■ **What is expected**
Skip every image and restate the data word for word.

■ **The data**
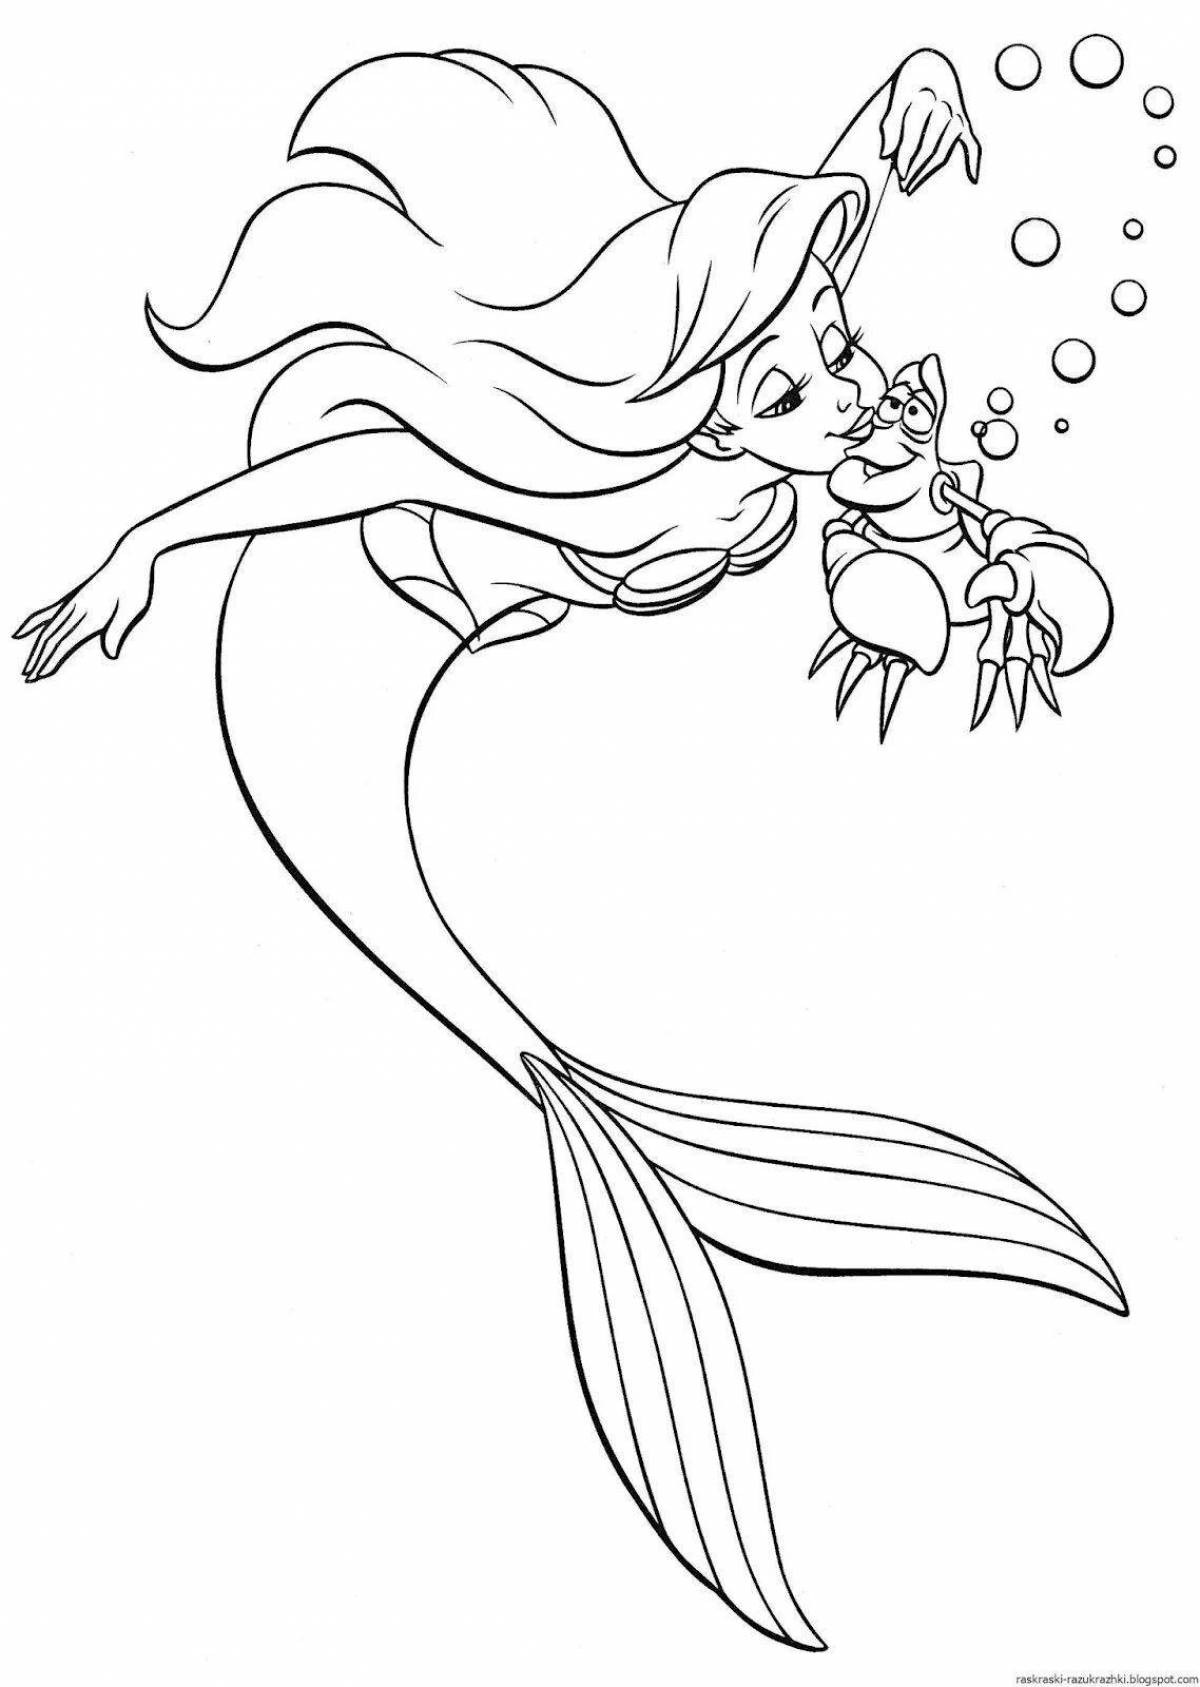 Dazzling little mermaid ariel coloring book for girls
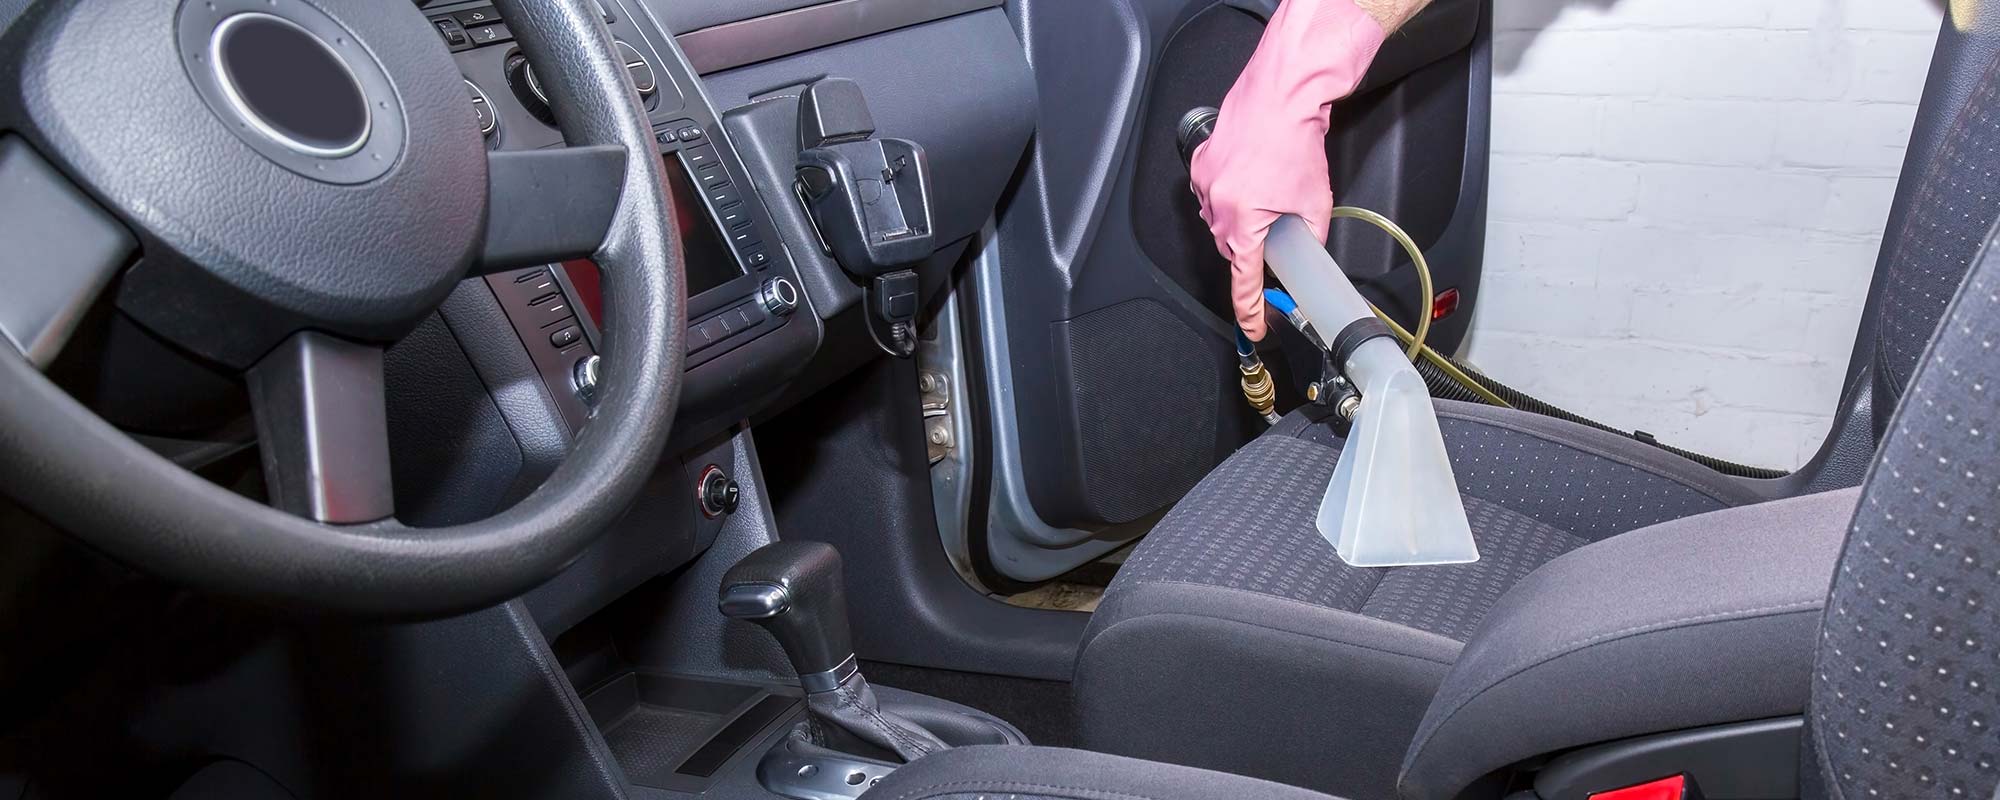 Automobile upholstery being cleaned by vacuum
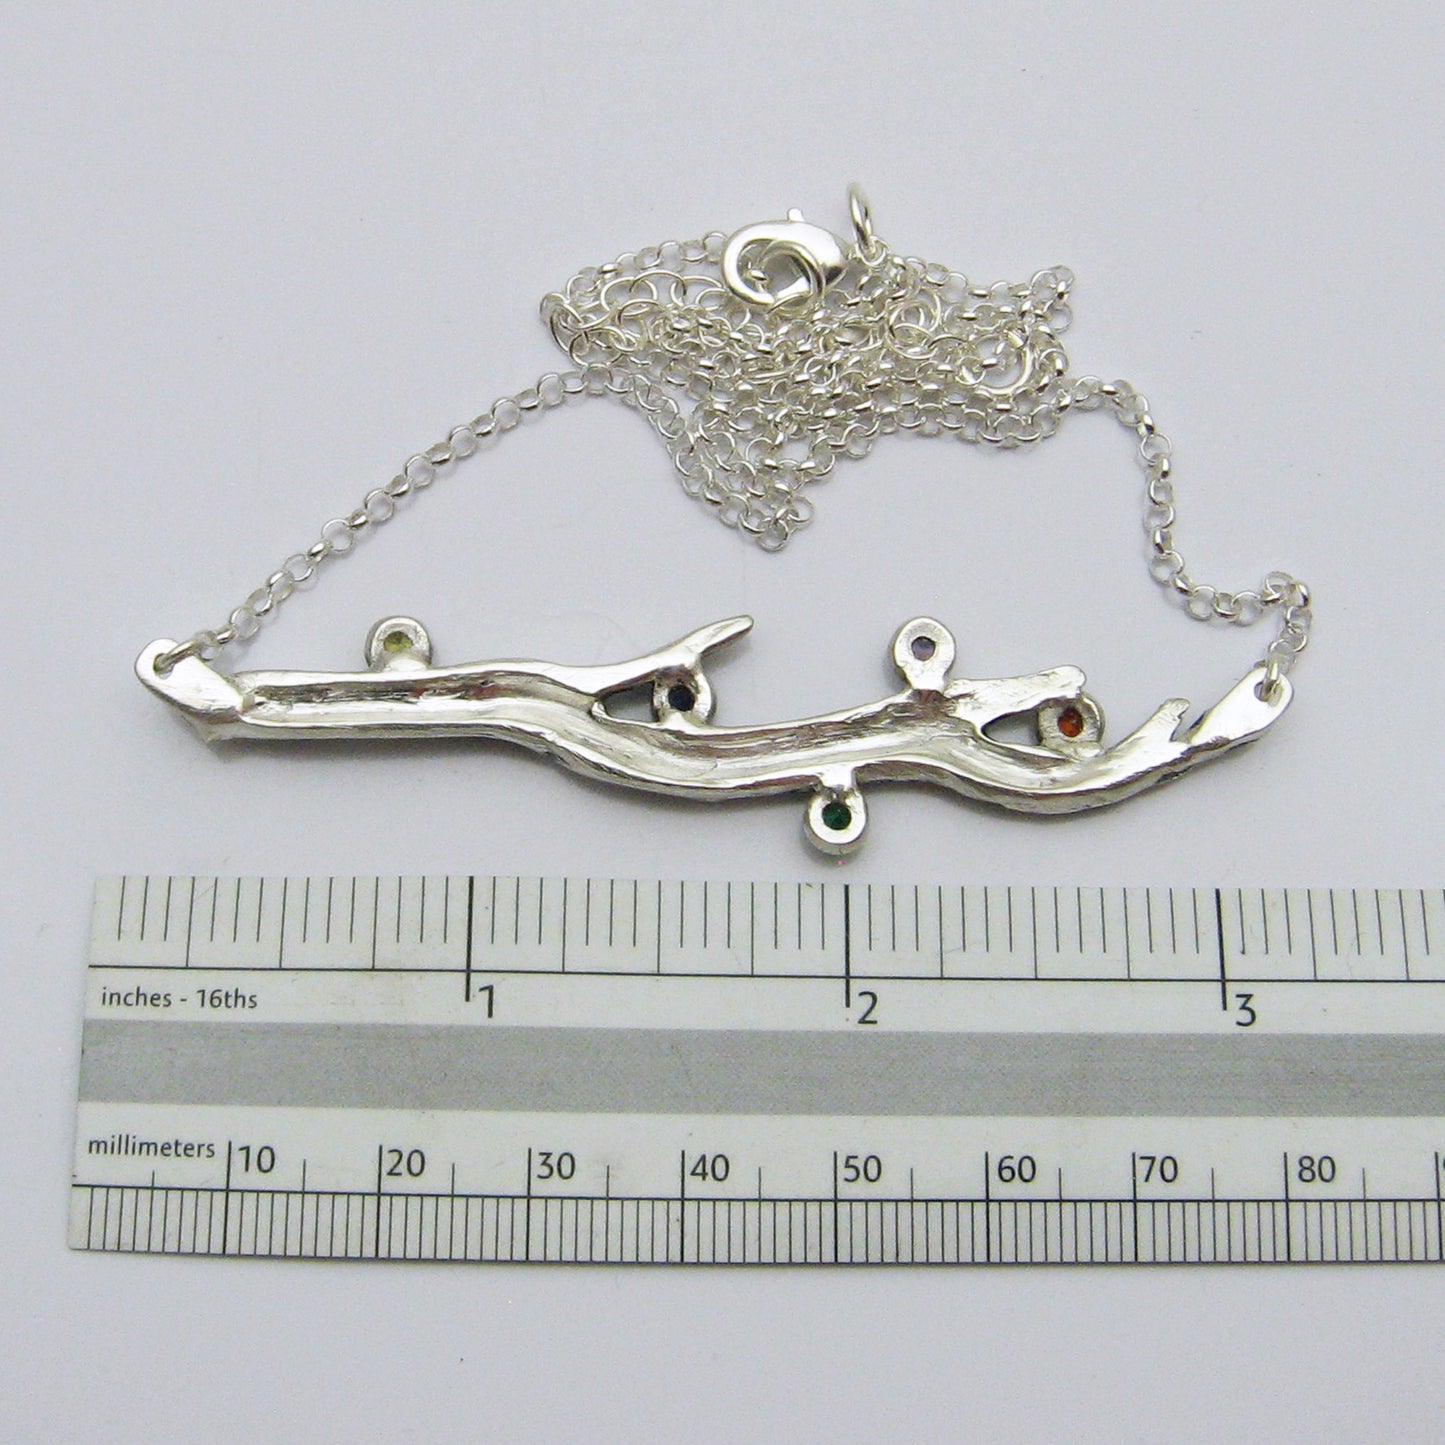 Birthstone Tree Branch Necklace back with ruler for size reference

■ **Completed task**
 Dazzling little mermaid ariel coloring book for girls
 Automobile upholstery being cleaned by vacuum
 Birthstone Tree Branch Necklace back with ruler for size reference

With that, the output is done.